Source: Philip Tchernavskij, "Designing & Programming Malleable Software" (Doctoral Thesis, Universite Paris-Saclay) 2019, p. vii - 130 (available online).
The Context.
A deft AI/ML entrepreneur with pro-social vision underpinned by a refreshing participatory anti-technocratic ethos kindly left me a breadcrumb pertaining to the evolution of software design. I picked up the breadcrumb and went looking for a loaf. I found one in Tchernavskij's 2019 doctoral thesis, titled "Designing & Programming Malleable Software."
The Motif.
"We live in an age of ubiquitous computing." (p. 5)

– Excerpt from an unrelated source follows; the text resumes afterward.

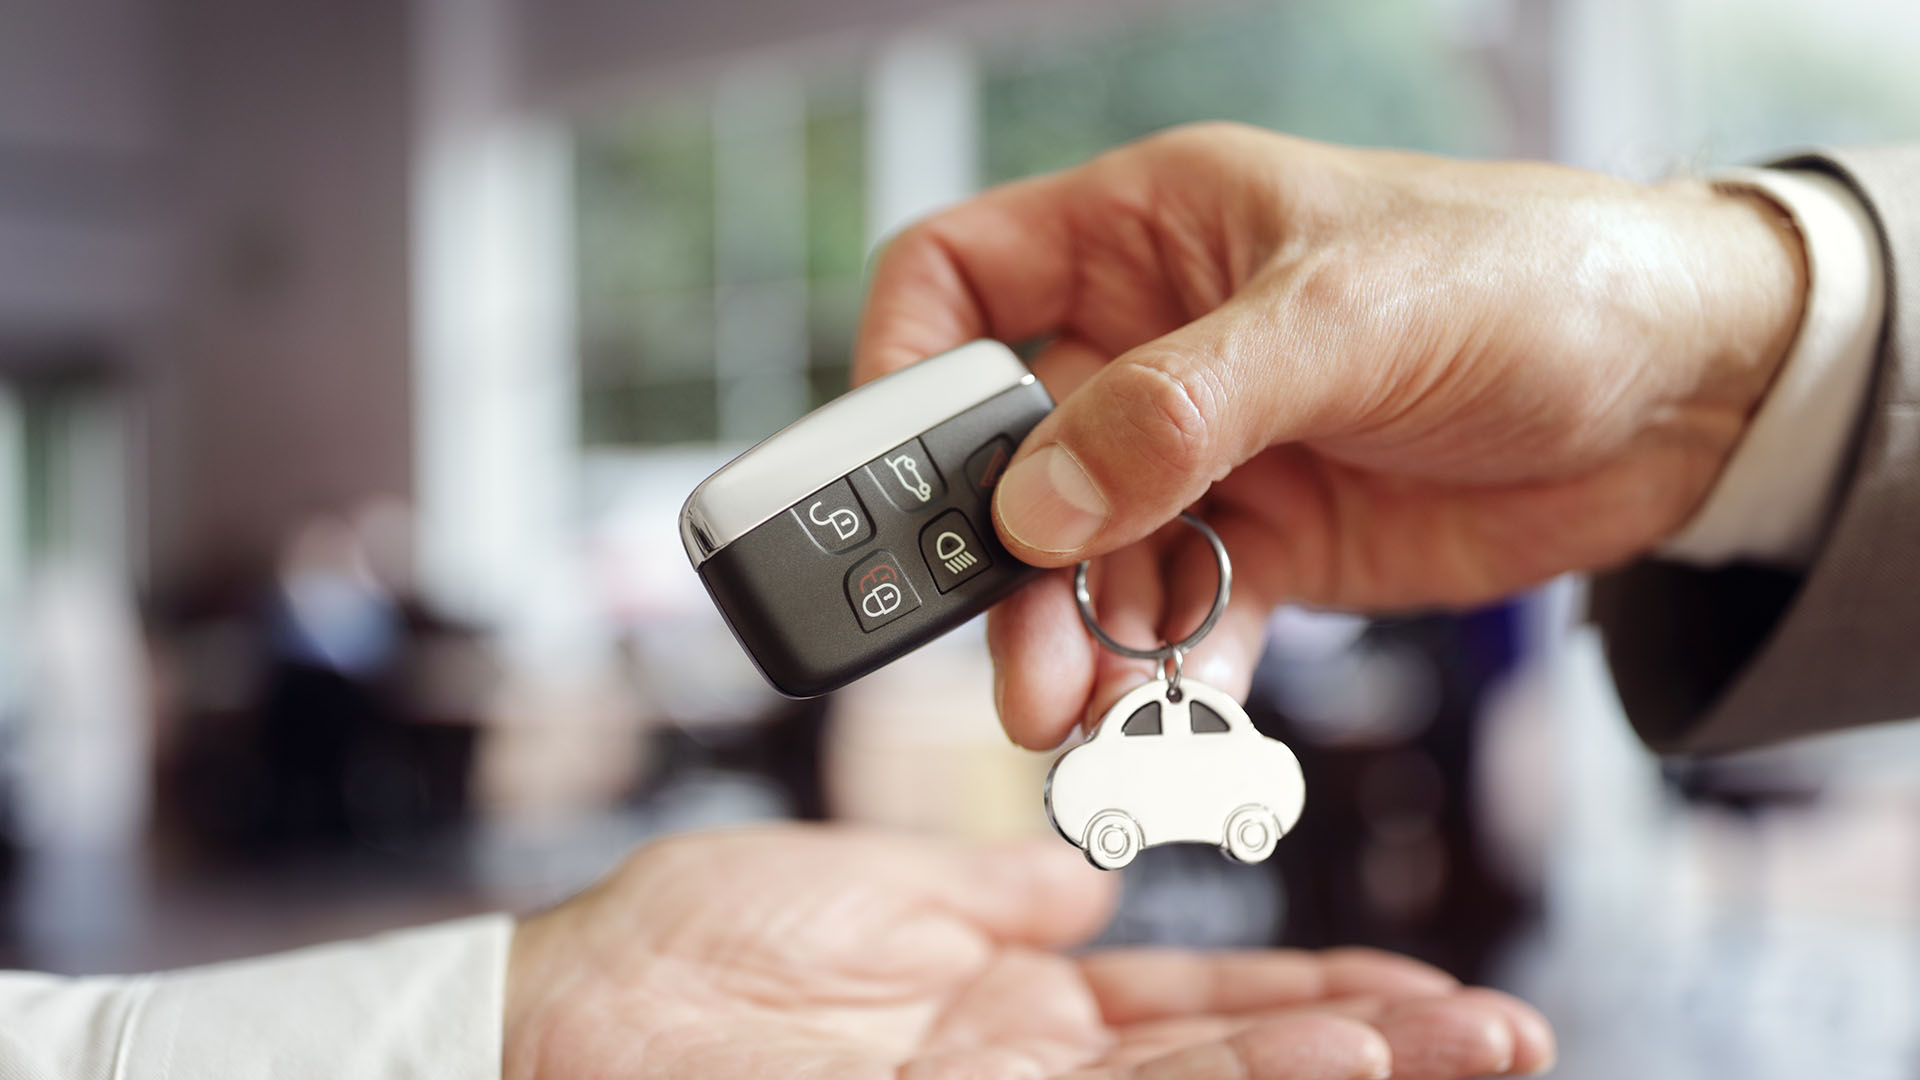 αγγελία - Car sales buying a new car handing over the keys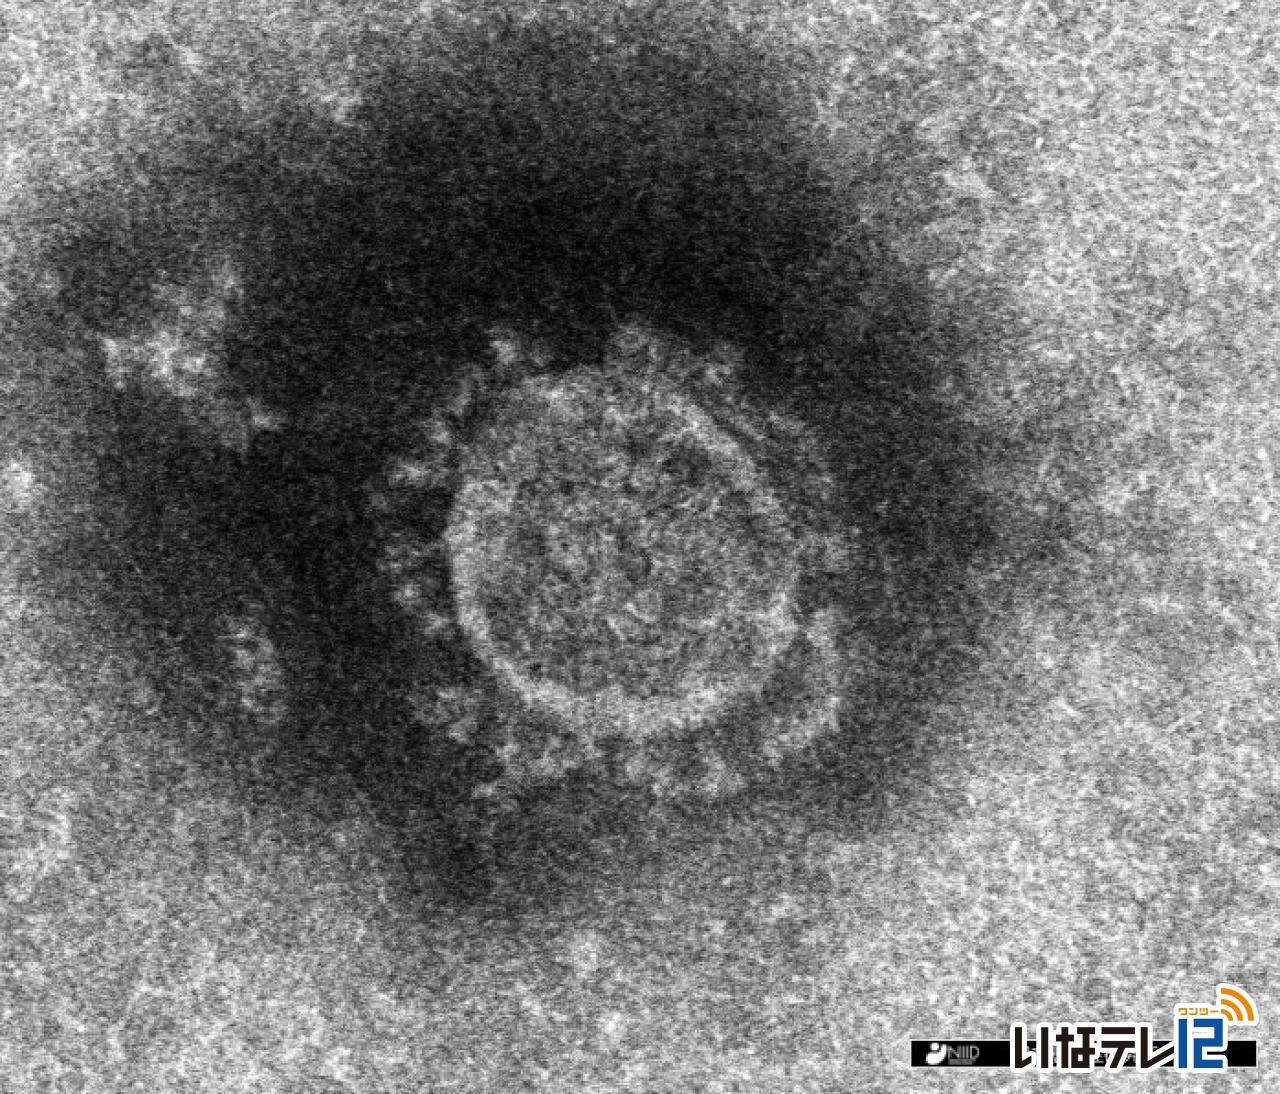 長野県内で新たに上伊那の１０人を含む１７７人の新型コロナウイルス感染確認

The background images to the appended Field Note Map (rendered in reduced opacity) show real software artifact ecosystems that are siloed and at best, "scotch-taped" together.
Against this background arises a call for "infrastructures of plurality" and development of "malleable software":
"the concept of interfaces that consist of interactive artifacts that may be freely pulled apart and (re-)combined as part of use, by contrast to the app ecosystems that define software today, in which each app defined an independent interfact that may only interact with the outside world through limited, prescribed means such as exchanging files." (p. 10)
Ultimately, what is refocused in this work is the vision espoused by MacLean at al. that "it should be as easy to change software as it is to use it." (qtd. MacLean et al., p. 18).
Provocative in its intuitiveness.
The Map.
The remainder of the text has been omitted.